4 - Quando estiverem previstos aparelhos de RX portátil que careçam de tomada de alimentação de energia elétrica com características especiais, deverão ser instaladas tomadas apropriadas em todos os locais onde estes aparelhos devam ser utilizados, ou na sua vizinhança.

5 - Todos os elevadores deverão dispor das condições para se movimentarem até ao piso de entrada em caso de falha de energia elétrica. Pelo menos um elevador com capacidade para transporte de camas deve manter-se em funcionamento com alimentação de socorro.

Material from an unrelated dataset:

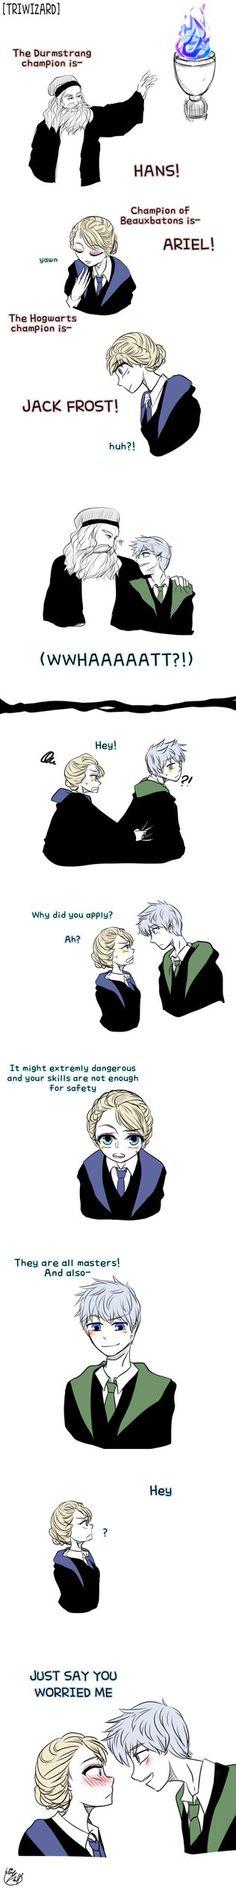 Jack Frost and Elsa Harry potter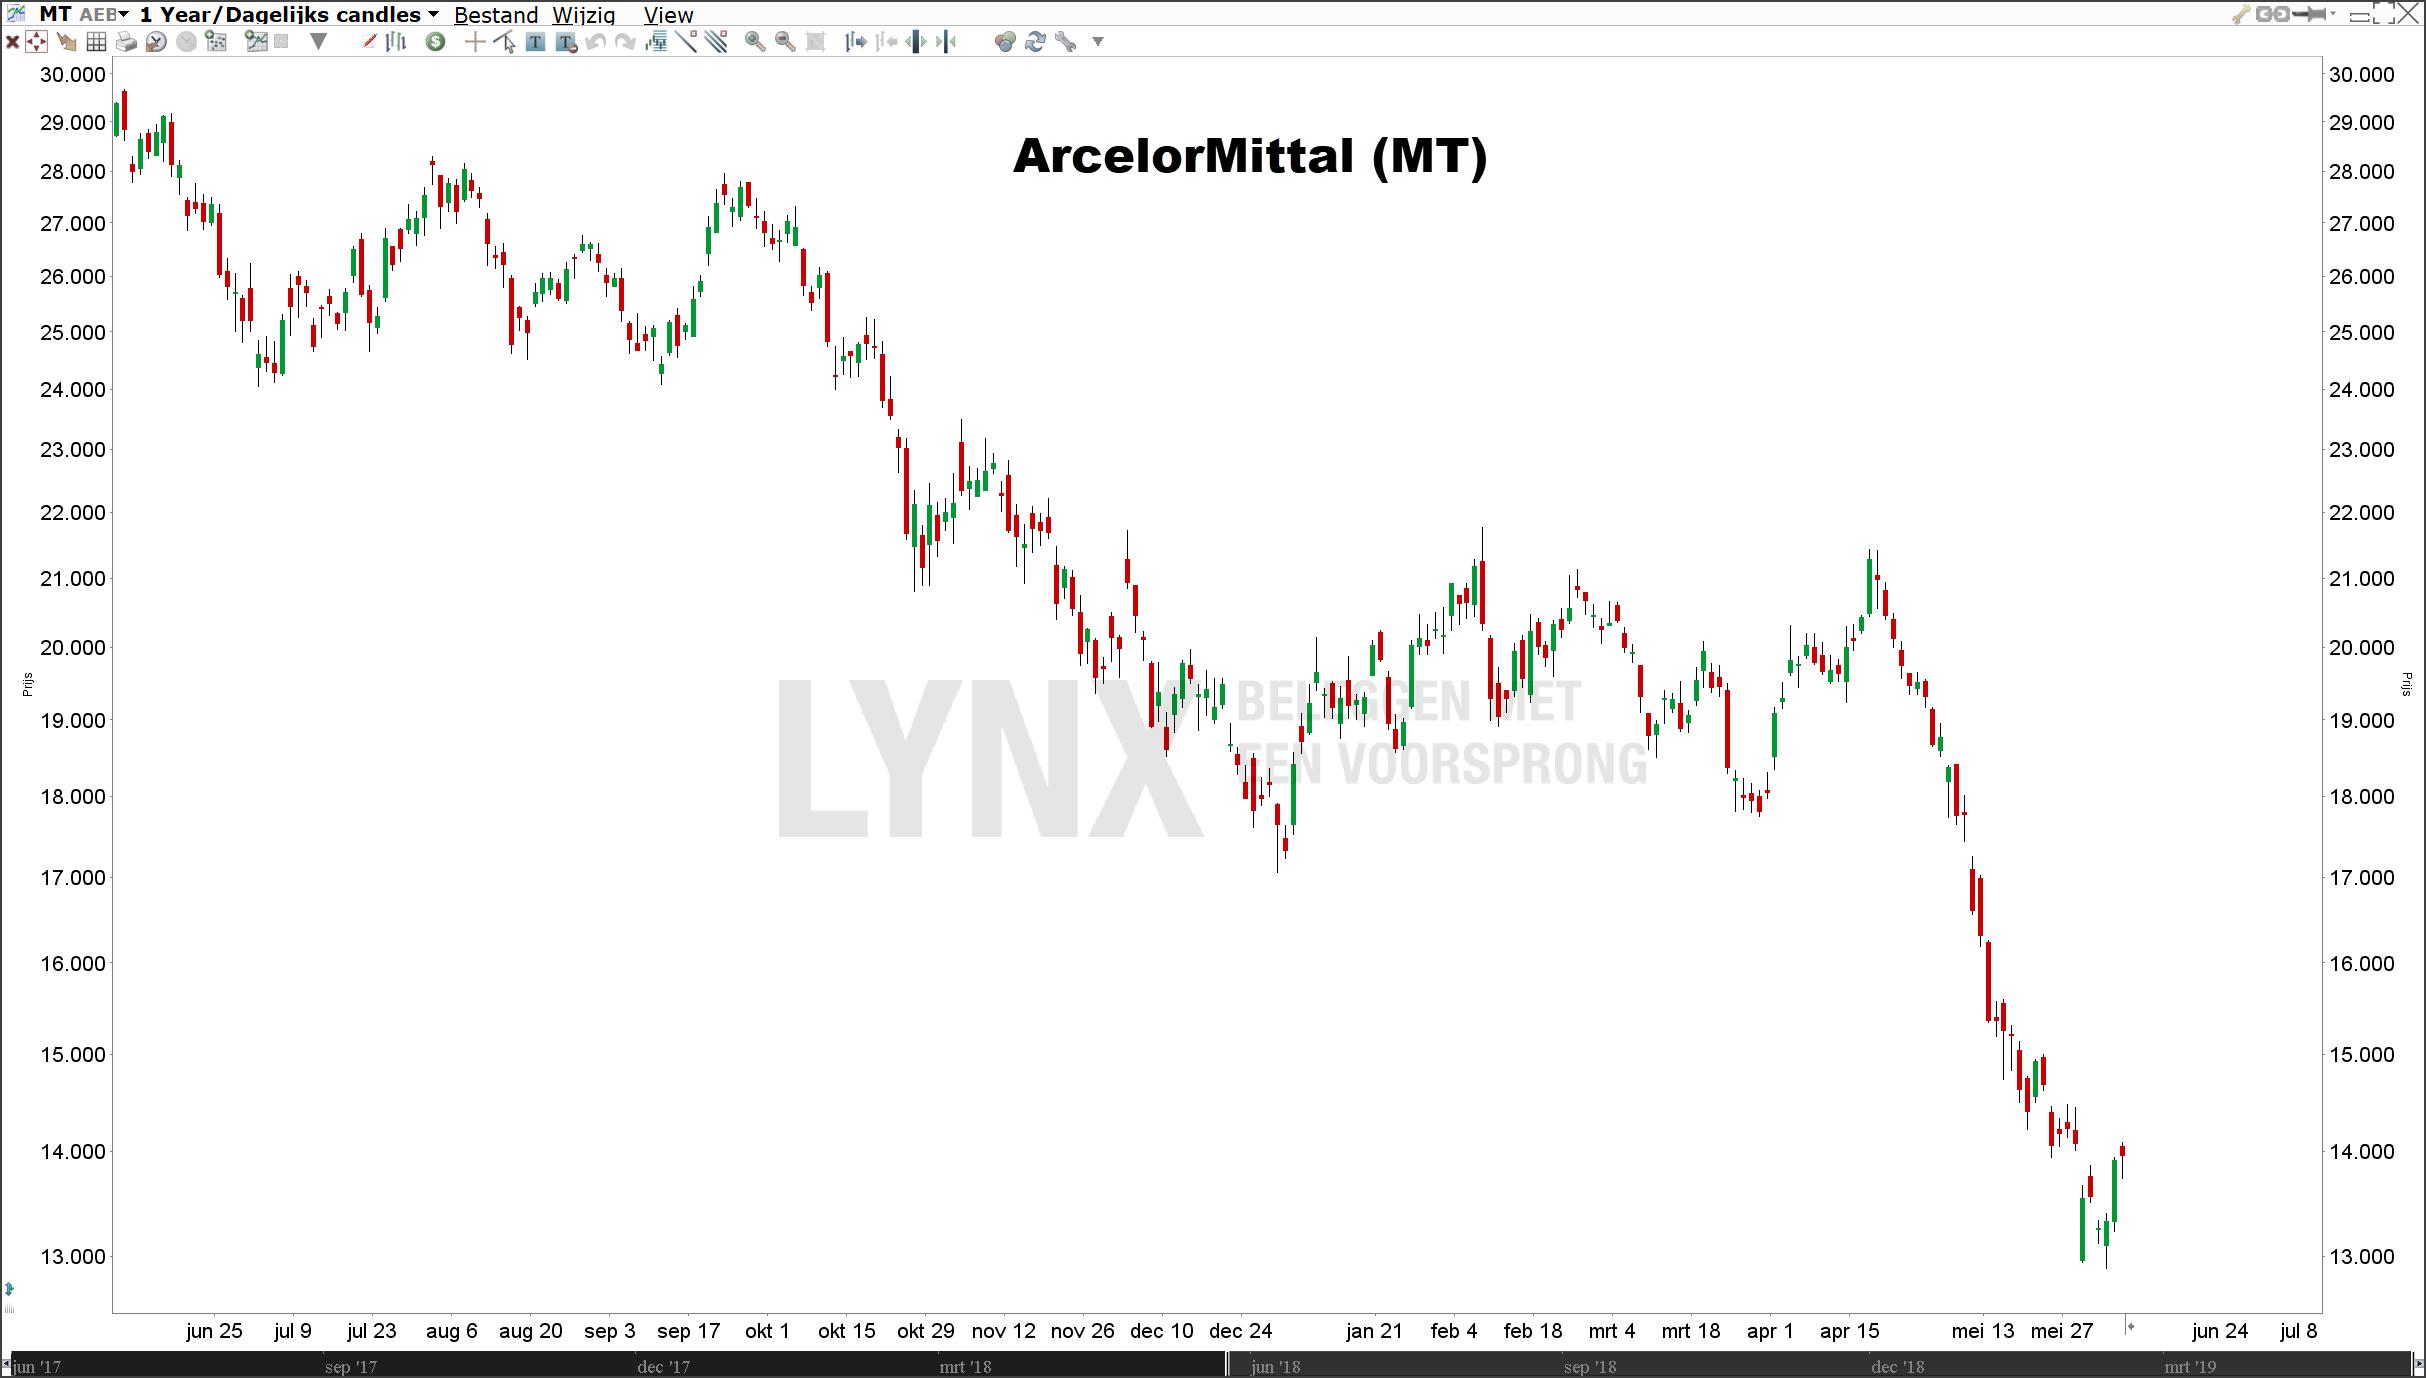 Koers aandeel ArcelorMittal (MT) zakt weg

6 - Recomenda-se a alimentação de todos os circuitos de iluminação pelo setor de socorro. Recomenda-se, também, a adoção, na iluminação interior, das orientações constantes da norma ISO 8995 CIE S 008/E de 15 de maio de 2003, contendo as especificações da Commission Internationale de L’Éclairage, ou da EN 12464-01/2021, sobre os níveis de iluminação e respetiva uniformidade em estabelecimentos de saúde, bem como sobre a capacidade de restituição de cores das fontes luminosas a utilizar e sobre a prevenção do desconforto visual.

7 - Além das instalações de iluminação de segurança e de vigília prescritos nas Regras Técnicas em vigor, nos locais onde o paciente permaneça acamado deve prever-se iluminação geral e iluminação de leitura ou observação à cabeceira da cama.

ANEXO XV — (previsto no artigo 19.º)

Equipamento sanitário

Requisitos mínimos a considerar:

Serviço/compartimento Equipamento sanitário
Instalação sanitária de público, adaptada a pessoas com mobilidade condicionada:
Antecâmara (se existir) Lavatório (recomendável).
Cabine de retrete Bacia de retrete (3).
Gabinete de consulta Lavatório (4).
Sala de observação/tratamentos Tina de bancada (4).
Banho assistido Lavatório, bacia de retrete e base de duche (3) (9).
Sala de gessos Tina de bancada (4) (7).
Desinfeção de pessoal Tina de desinfeção (4).
Quarto individual ou enfermaria (sem instalação sanitária privativa) Lavatório (4).
Instalação sanitária privativa Lavatório, bacia de retrete e duche (3) (8).
Zona de inaloterapia Tina de bancada (4)
Instalação sanitária de pessoal Lavatório.
Antecâmara (se existir) Lavatório (recomendável).
Cabine de sanita Bacia de retrete.
Vestiário de pessoal (1) Lavatório.
Antecâmara (se existir) Lavatório (recomendável).
Cabine de retrete Lavatório e bacia de retrete.
Cabine de duche Tina de duche.
Copa Tina de bancada.
Refeitório Lavatório.
Sala de pessoal (se existir) Tina de bancada.
Adufa Lavatório (4).
Sala de lavagem e desinfeção de arrastadeiras Lavatório, pia hospitalar, máquina de lavagem, desinfeção de arrastadeiras (5).
Sala de sujos e despejos Lavatório, pia hospitalar e máquina de eliminação de arrastadeiras (6).
Sala de reprocessamento (2) (9).
Depósito de cadáveres Lavatório.

(1) Do bloco operatório.

(2) De apoio às salas de operação.

(3) Com acessórios para pessoas com mobilidade condicionada.

(4) Com torneiras de comando não manual.

(5) Dispensável quando a unidade utilizar arrastadeiras descartáveis.